Now a theory is formed out of general conclusions drawn from the collection and comparison of facts. Facts taken alone and by themselves are altogether useless; and the sum of every man's knowledge is in effect made up of the number and extent of his theories. Undoubtedly there are bad theories as well as good; but it would be as absurd to proscribe all theory, because some is bad, as to proscribe all reasoning, because some reasoning is a vehicle for fallacy. The honest course in such cases is, not to condemn a theory, plan, or system, merely because it is a theory, and bears the marks of rational contrivance, but to examine and point out in what respect, if any, it is likely to prove defective. If this were done, instead of the absurd expression which we often hear from the unreflecting, that a thing may be good in theory, but bad in practice, it would be found that whatever was bad in practice must be bad in theory also.

Thus, the scheme for lighting the streets with gas, held out to those who proposed to engage in it a larger profit than was warranted by the result; but upon examination of the scheme it was afterwards discovered that the projector had in his calculations inadvertently omitted the expence of iron pipes for conveying the gas. As to the expected profits, therefore, the project was bad in practice, because it was bad in theory. If indeed a theory is nothing more than from a general survey and comparison of the means in possession and the end in view, to adapt the one to the other for the purpose of practice, it is not easy to perceive how that which is bad in practice can be good in theory. According to this strange absurdity, the very goodness of a plan, has sometimes been urged as a ground for its rejection. "It is too good to be practical :” an objection which has been sufficiently answered by the foregoing exposition.
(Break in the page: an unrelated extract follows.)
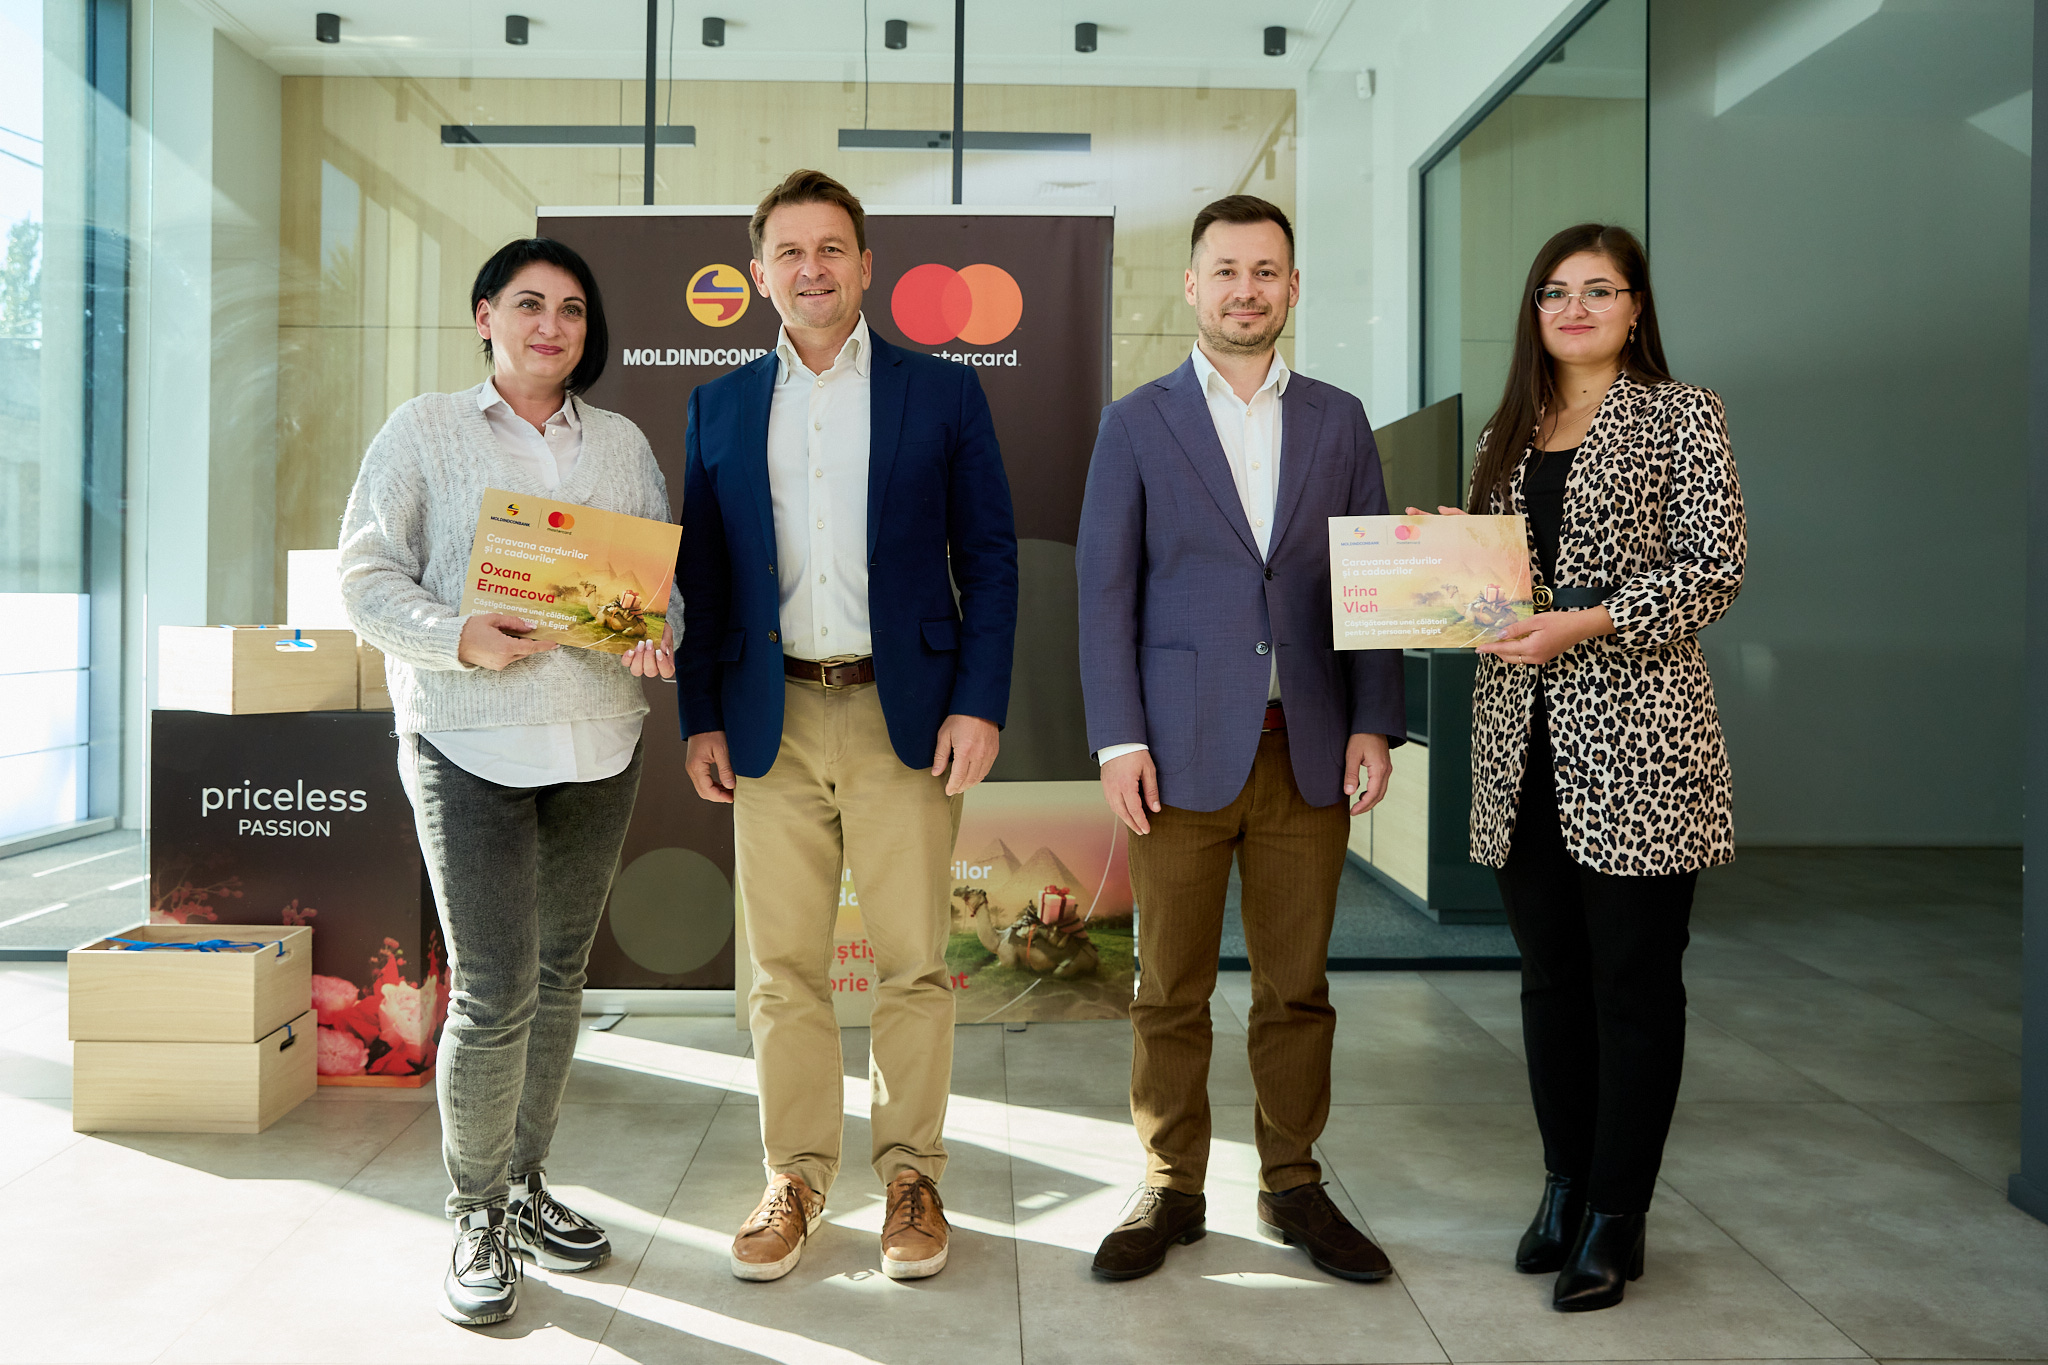 Felicitări celor 23 mari câștigători ai promoției ”Caravana cardurilor și a cadourilor”, organizată de Moldindconbank și Mastercard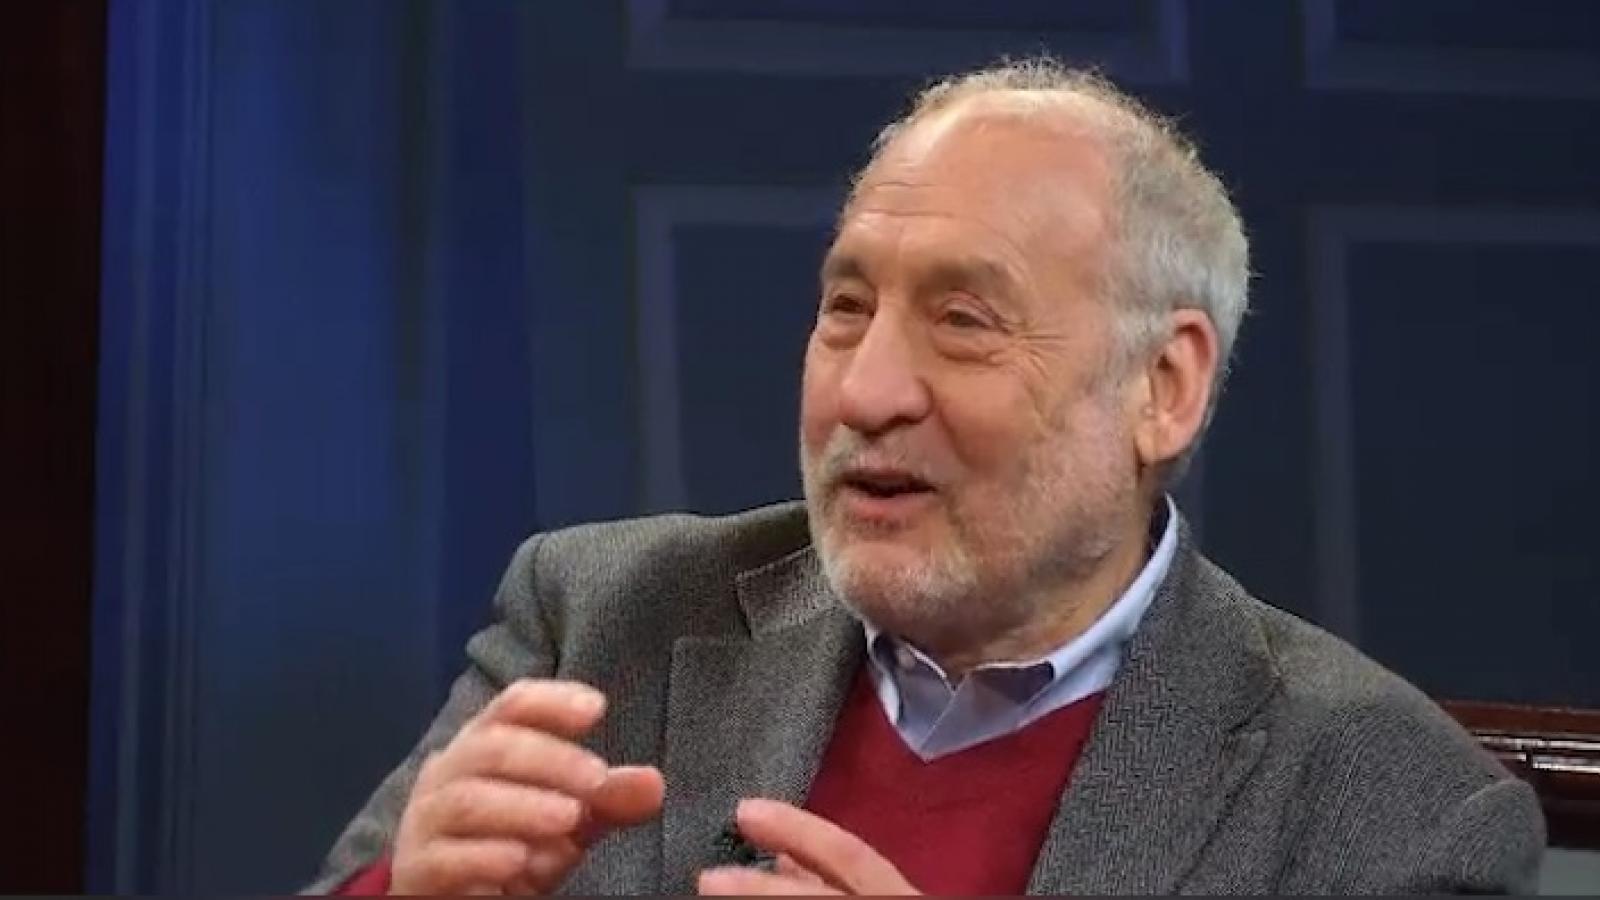 Joseph Stiglitz being interviewed

To the epithets speculative and theoretical, are often added in the same sense, or by way of aggravation and climax, those of visionary, chimerical, romantic, Utopian. If these words have any meaning-beyond that of the speaker's dislike to the measure against which he directs them, it is, that in his estimation the measure is impracticable. If this be so, it would be so easy to state why he entertains such an opinion; what he esteems to be difficulties in the way of carrying the measure into execution; what the causes of its probable failure; that when in lieu of this, he merely resorts to vituperative and contemptuous expressions, it may safely be inferred he has no such objections to urge.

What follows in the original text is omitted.